Rotating Calipers in 3d? or in 2d?
Hi gabyx! Thanks for your detailed reply :)
I think the algorithm I parallelized is exhaustive grid search you mentioned. Rotating Calipers in 2D is only used at computing 2D minimal area rectangle.
All of the three papers above is interesting. I will devour them and then come back to you. Thank you.
Hi, I made considerable improvements to the library, fixed some small bugs, conceptually not alot has changed, functions are still the same.
also I added unit tests. They should hopefully turn out to be correct. if they dont, then its numerically inaccuracy: visualizing the tests if the fail is always the first thing to do =)
regards
The library has now some openmp support, one place where openmp is commented out yet still makes some problems (more investigations needed), but so far its a huge improvement for speed.
Curious under what circumstances you got the huge speed improvement in the openmp parallelization (around the grid search). Unfortunately my testing is done in MSVC and WSL (not native linux), so I may be missing some of the benefits (side note: I had to re-write the parallelization for MSVC because it is stuck on openmp 2.0 and doesn't support user-defined reductions... I can make a PR for it if you want us poor souls that have to use MSVC)
Grid search: 5 Point Samples: 10000
MSVC Single threaded: ~20000 msec MSVC Openmp (critical section version): ~2000 msec
WSL Single threaded: ~9000 msec WSL Openmp (reduction version): ~19000 msec WSL Openmp (critical section version that I used on MSVC): ~21000 msec
Strange Benchmark: Did you use full optimization and release?
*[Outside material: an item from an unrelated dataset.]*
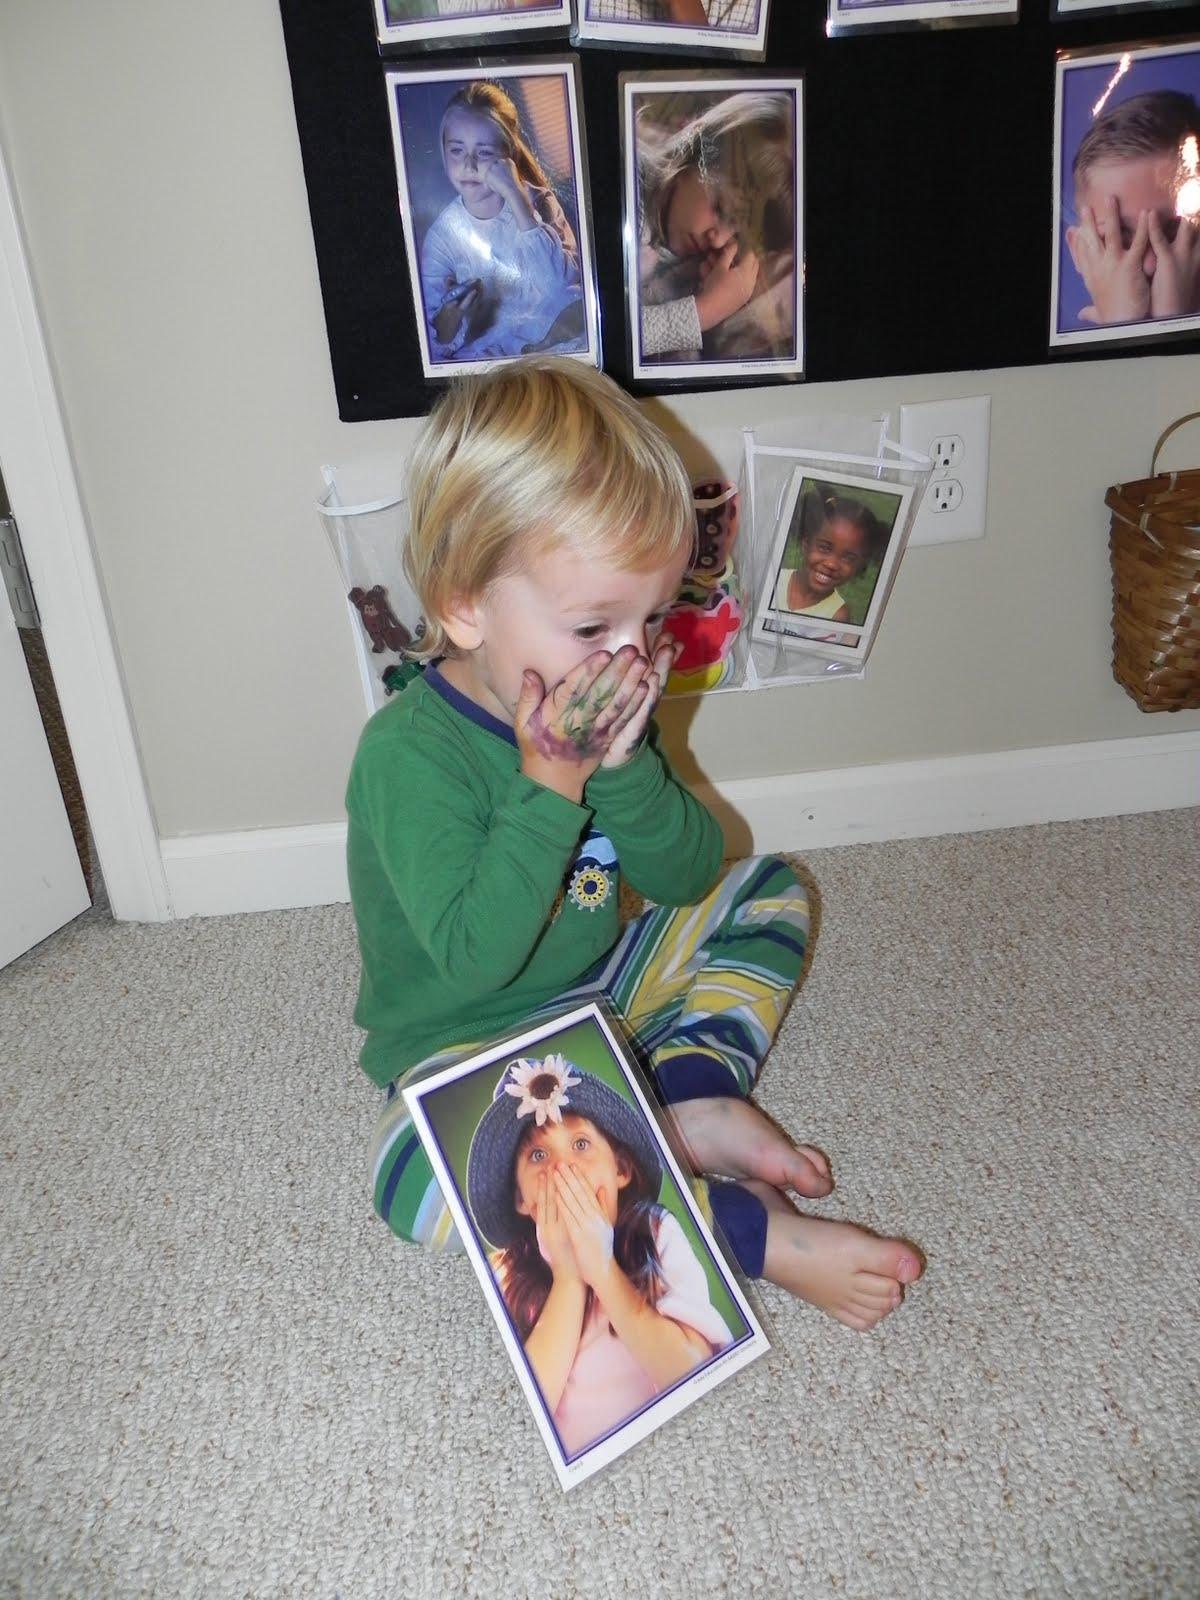 Teaching Emotional Intelligence During Play
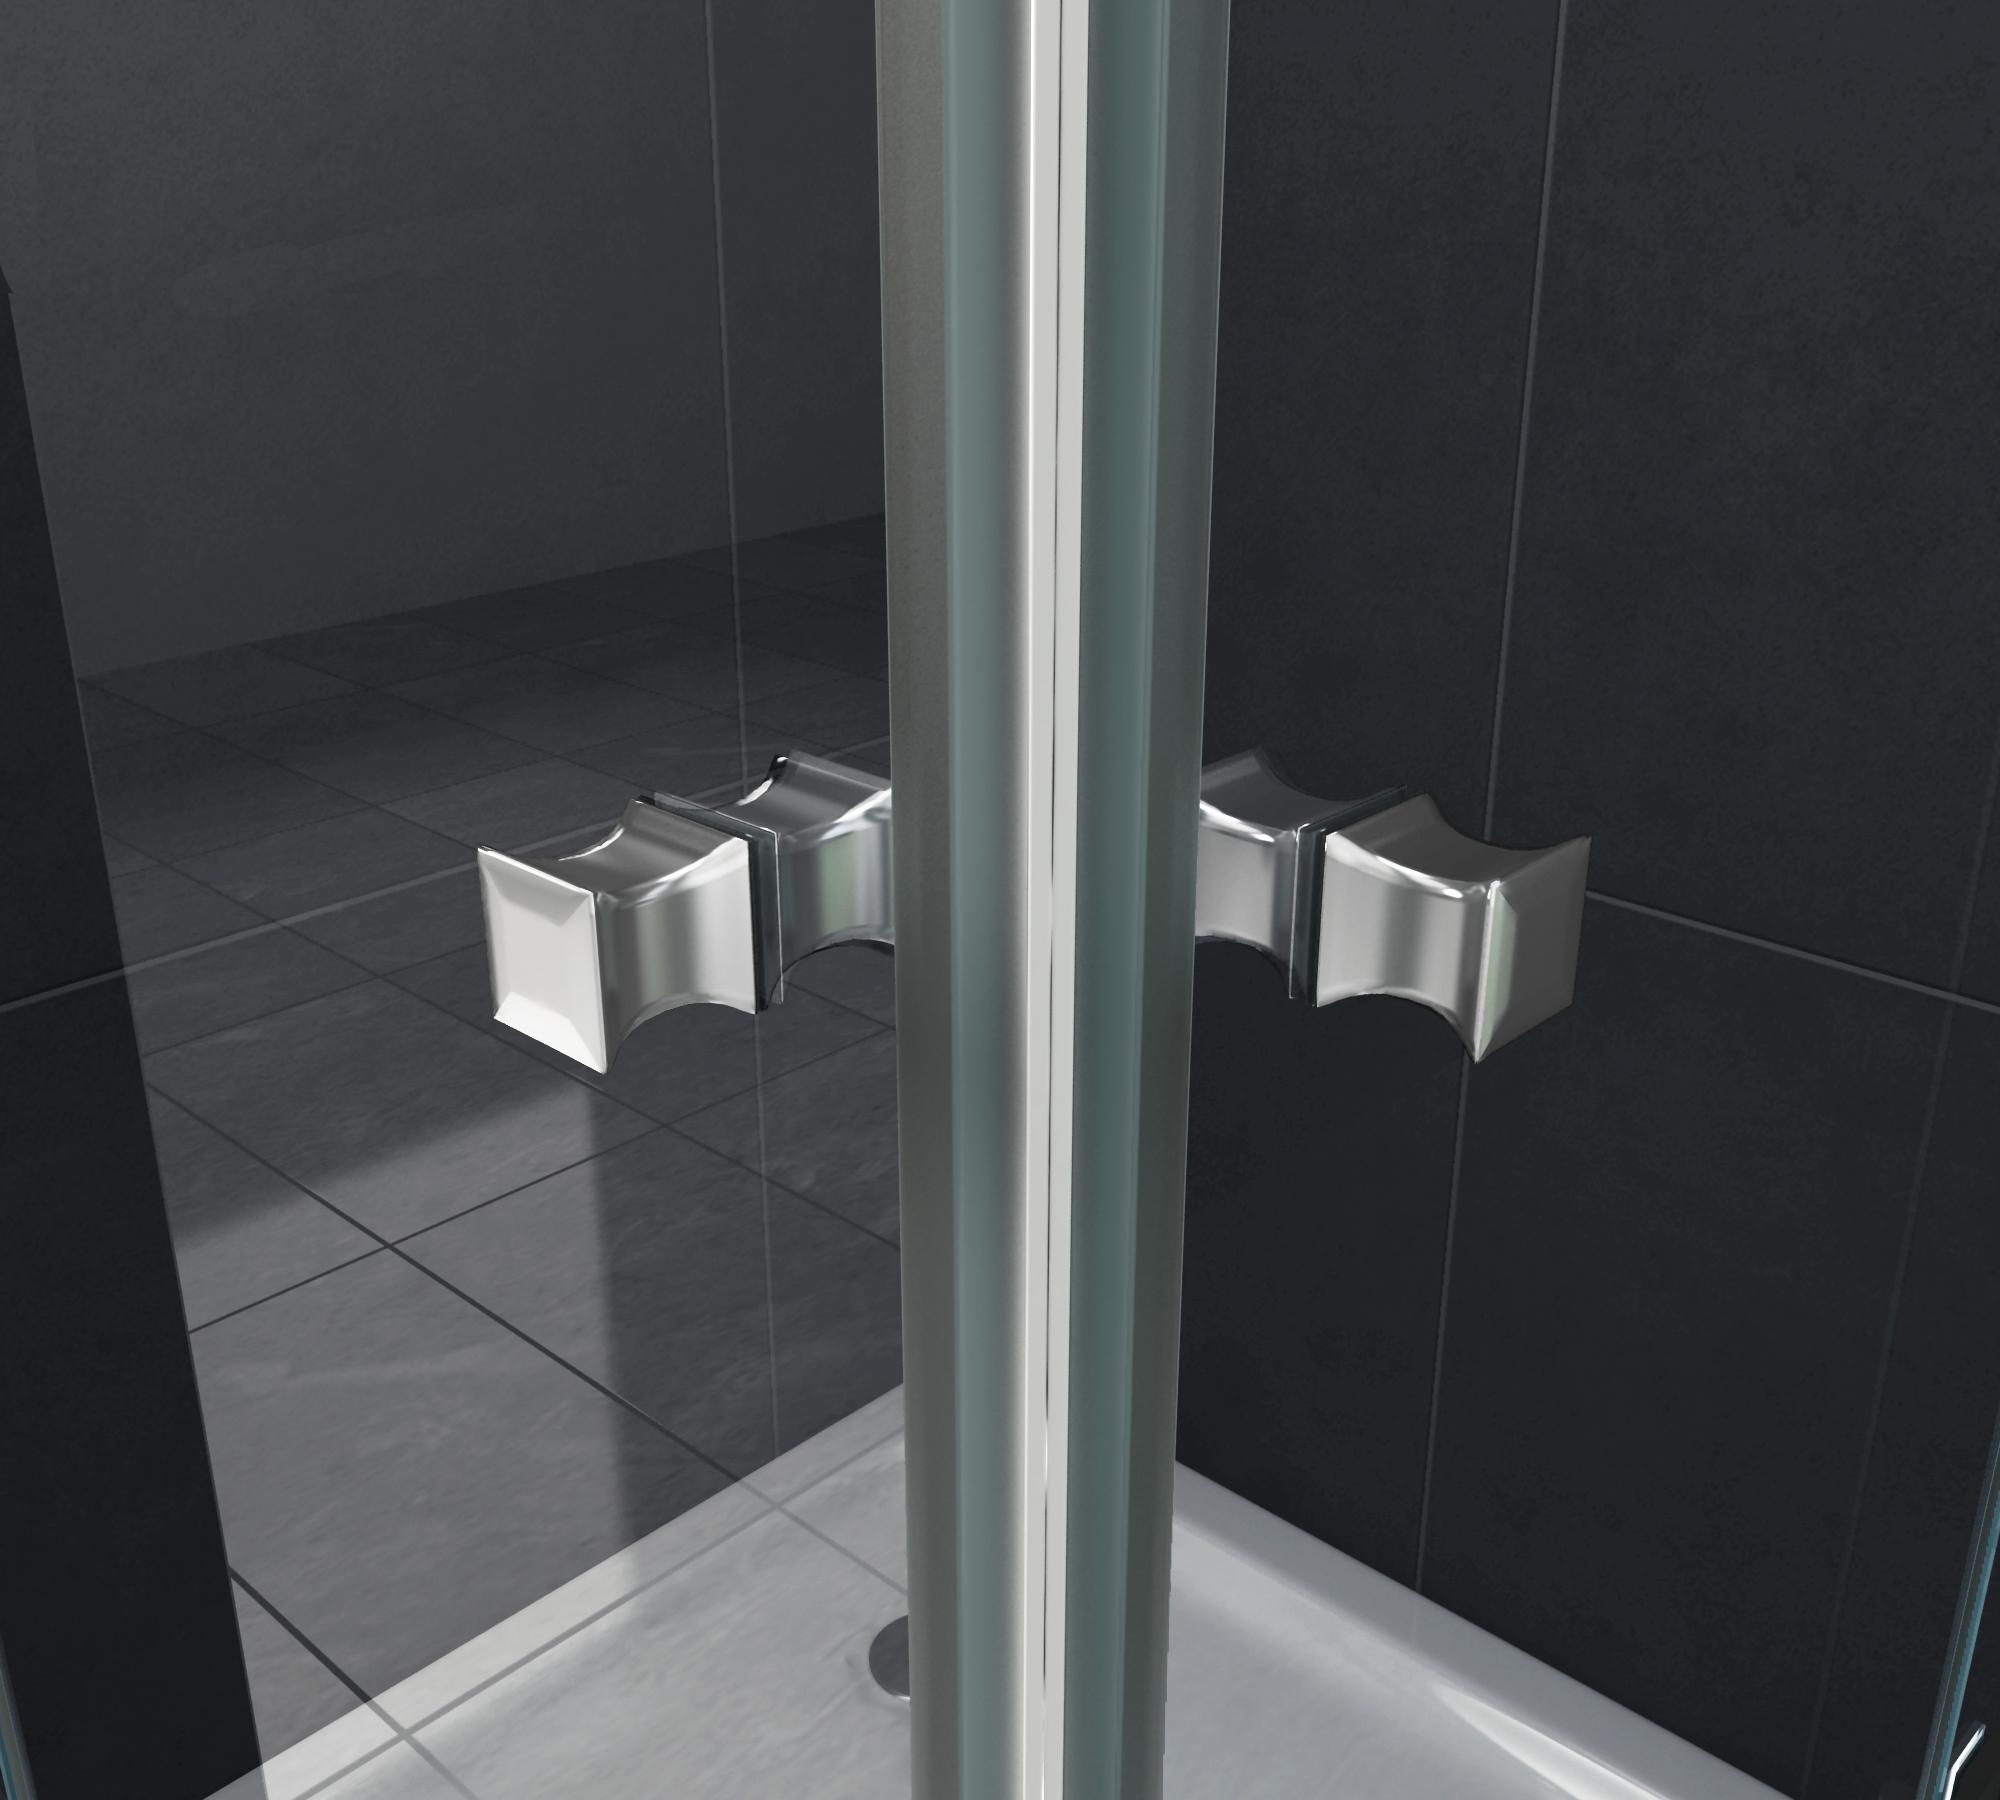 rahmenlose duschkabine luxorline 120 x 100 x 195 cm ohne. Black Bedroom Furniture Sets. Home Design Ideas

A PR is welcome :-) I prefere to have some sort of switch depending on the OpenMP version (is there a macro?)
For WSL it was -03 -DNDEBUG (for MSVC it is /O2 /Ob2 /D "NDEBUG").
Code being timed is below where the input cloud has 100,000 points (generated randomly from a uniform distribution in the range of -100.0 to 100.0).
ApproxMVBB::OOBB approx_obb = ApproxMVBB::approximateMVBB(cloud.pts(),
0.001, /*epsilon*/
10000, /*point samples*/
5, /*grid size*/
0, /*diameter optizmiation loops*/
5 /*grid search optimization loops*/
);
approx_obb.expandToMinExtentRelative(0.1);
... = approx_obb.m_q_KI.matrix();
... = approx_obb.m_minPoint;
... = approx_obb.m_maxPoint;
I'm not aware of any OpenMP MACRO that can be used... I just check if WIN32 and use the OpenMP 2.0 style critical section.
I will push the PR... but by supporting OpenMP 2.0 it makes the code much uglier compared to user-defined reductions :)
see #38
Could you test this?
Strange is, that its so slow with OpenMp 4 in WSL? its twice as slow lol
Honestly I never did a relevant profiling... Needs further investigation. Maybe profile the code ?